**Task description:** The line containing "parameter p", and every line after it to the end of the listing, should be repeated exactly; the pictures should not.

**Records supplied:**
_____

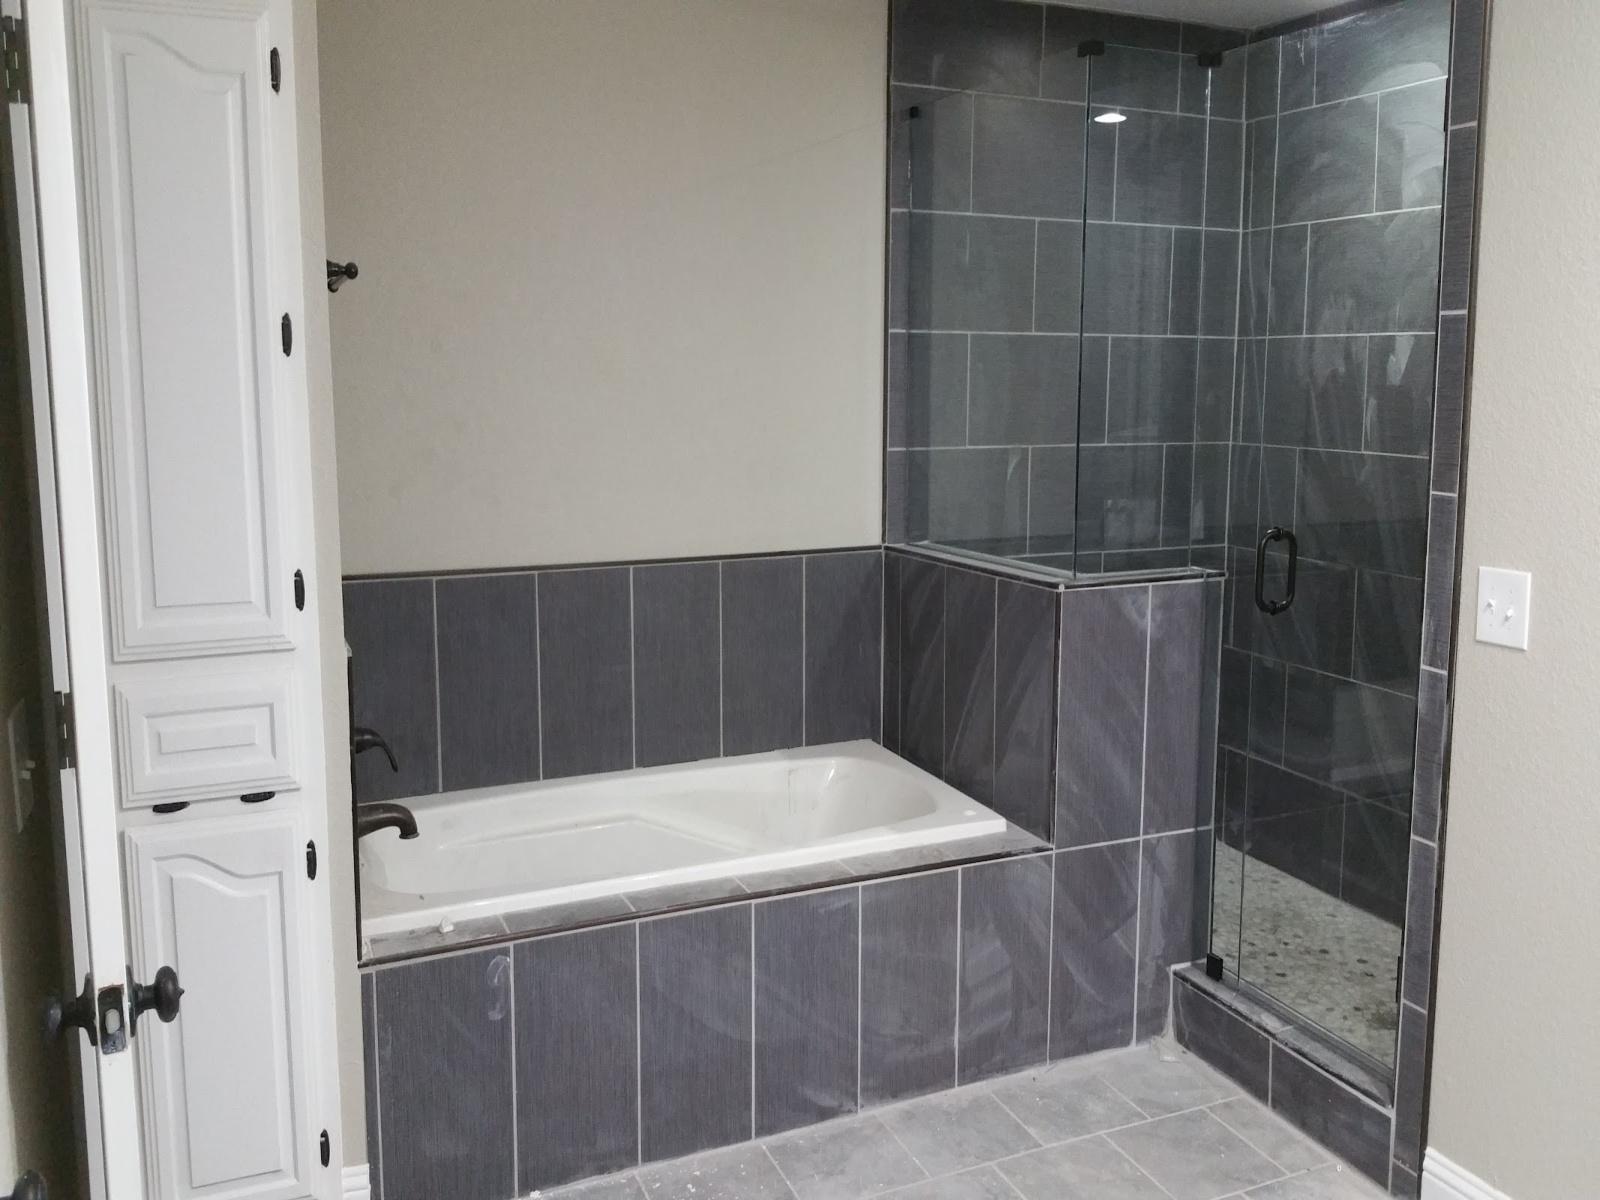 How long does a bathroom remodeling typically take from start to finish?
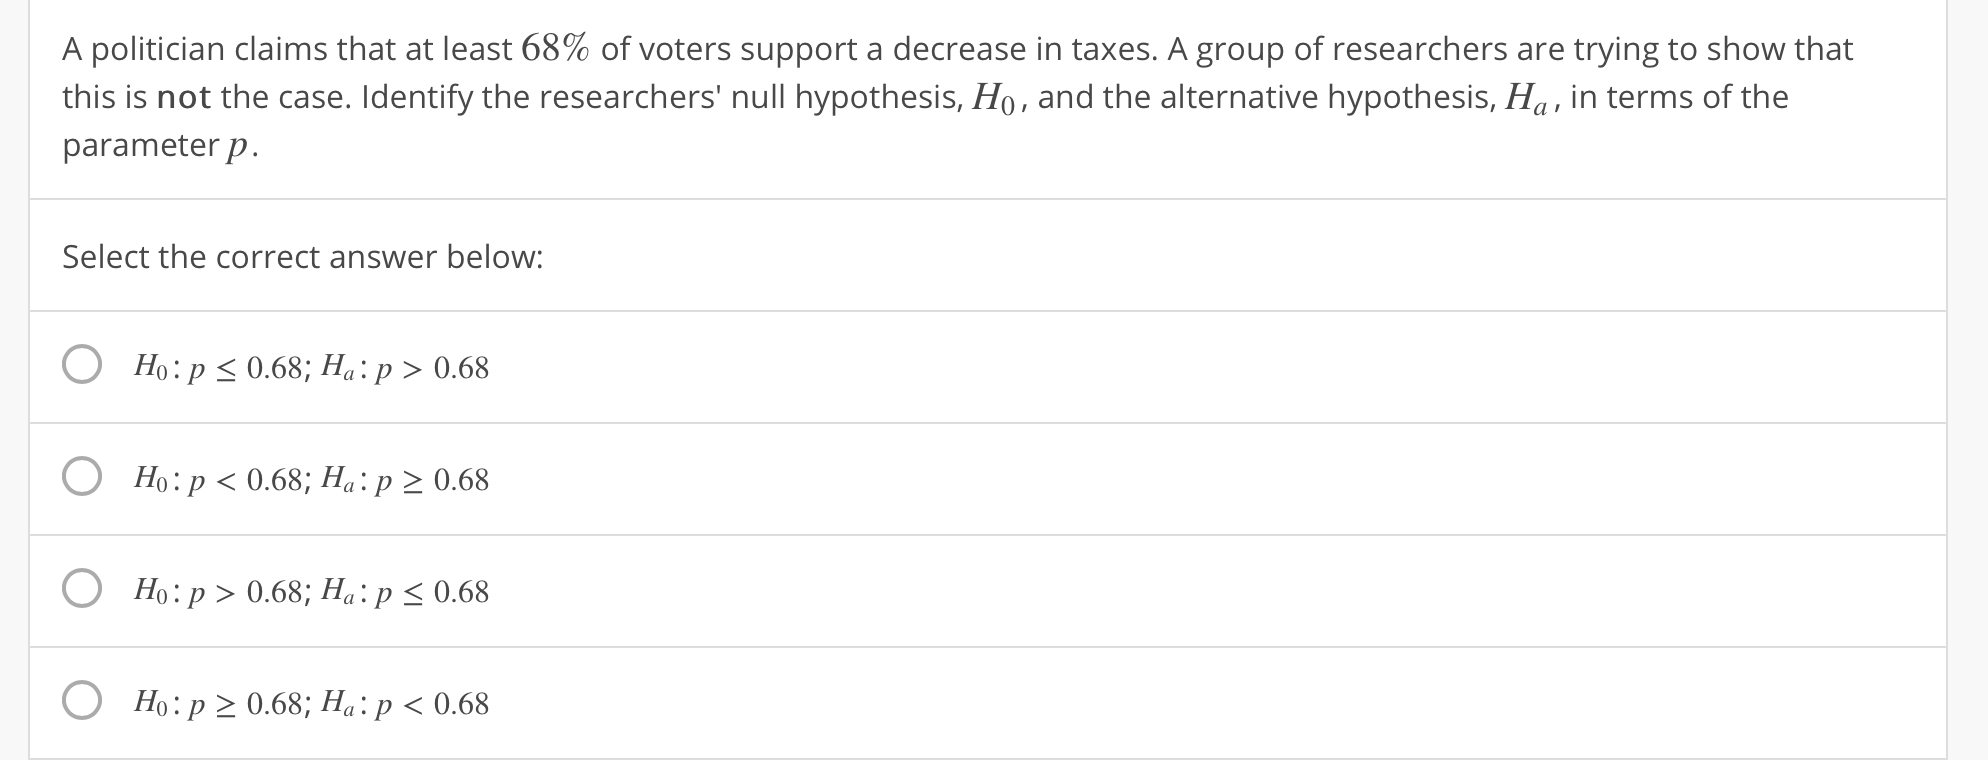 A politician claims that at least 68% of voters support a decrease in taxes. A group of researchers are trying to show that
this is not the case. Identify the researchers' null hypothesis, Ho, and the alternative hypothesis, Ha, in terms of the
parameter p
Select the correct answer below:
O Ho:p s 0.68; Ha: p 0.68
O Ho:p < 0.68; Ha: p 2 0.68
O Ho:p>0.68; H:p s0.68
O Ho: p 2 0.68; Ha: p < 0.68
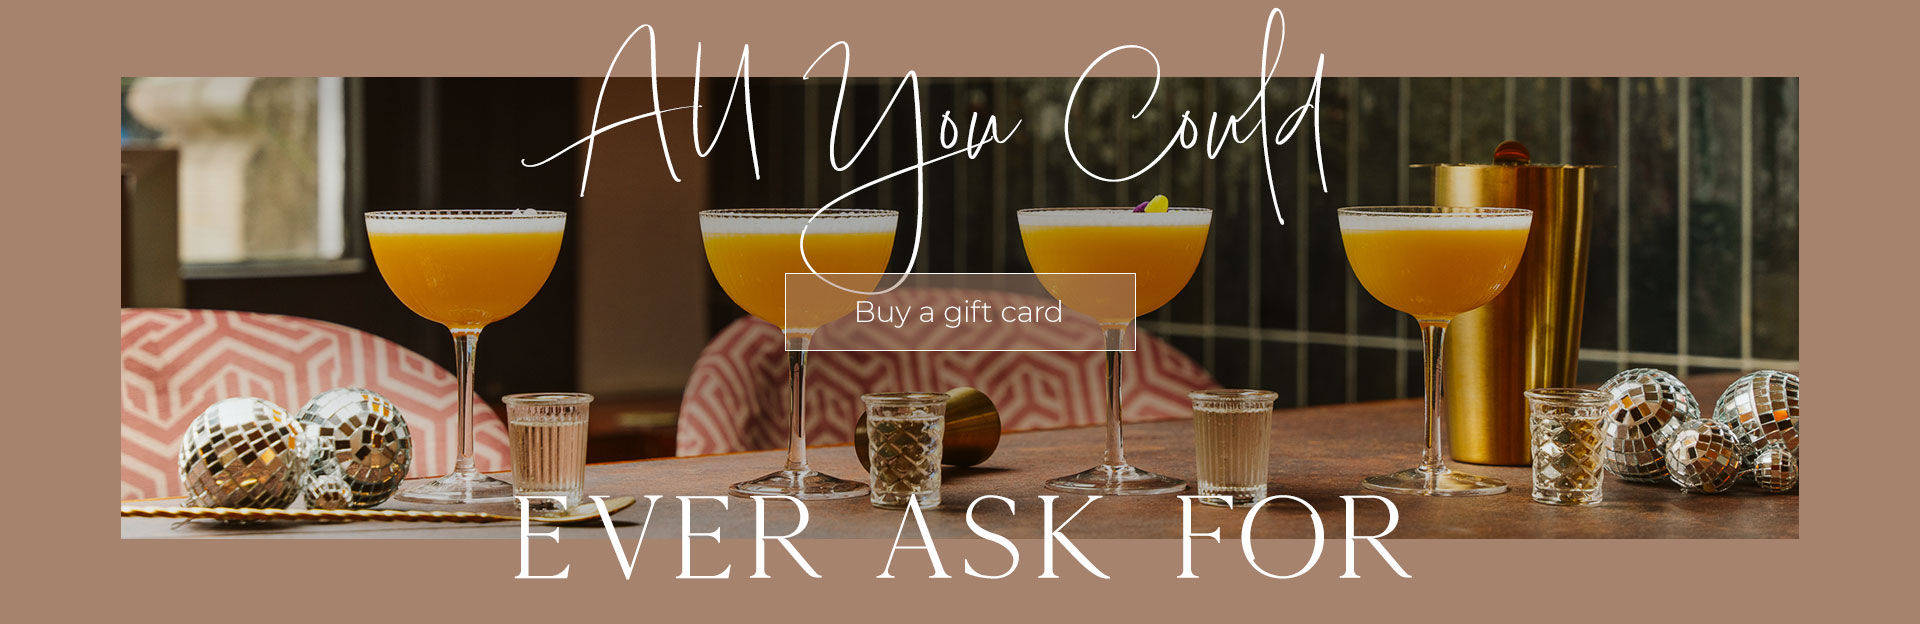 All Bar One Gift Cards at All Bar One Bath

_____

**Reply to the exercise:**
parameter p
Select the correct answer below:
O Ho:p s 0.68; Ha: p 0.68
O Ho:p < 0.68; Ha: p 2 0.68
O Ho:p>0.68; H:p s0.68
O Ho: p 2 0.68; Ha: p < 0.68
 All Bar One Gift Cards at All Bar One Bath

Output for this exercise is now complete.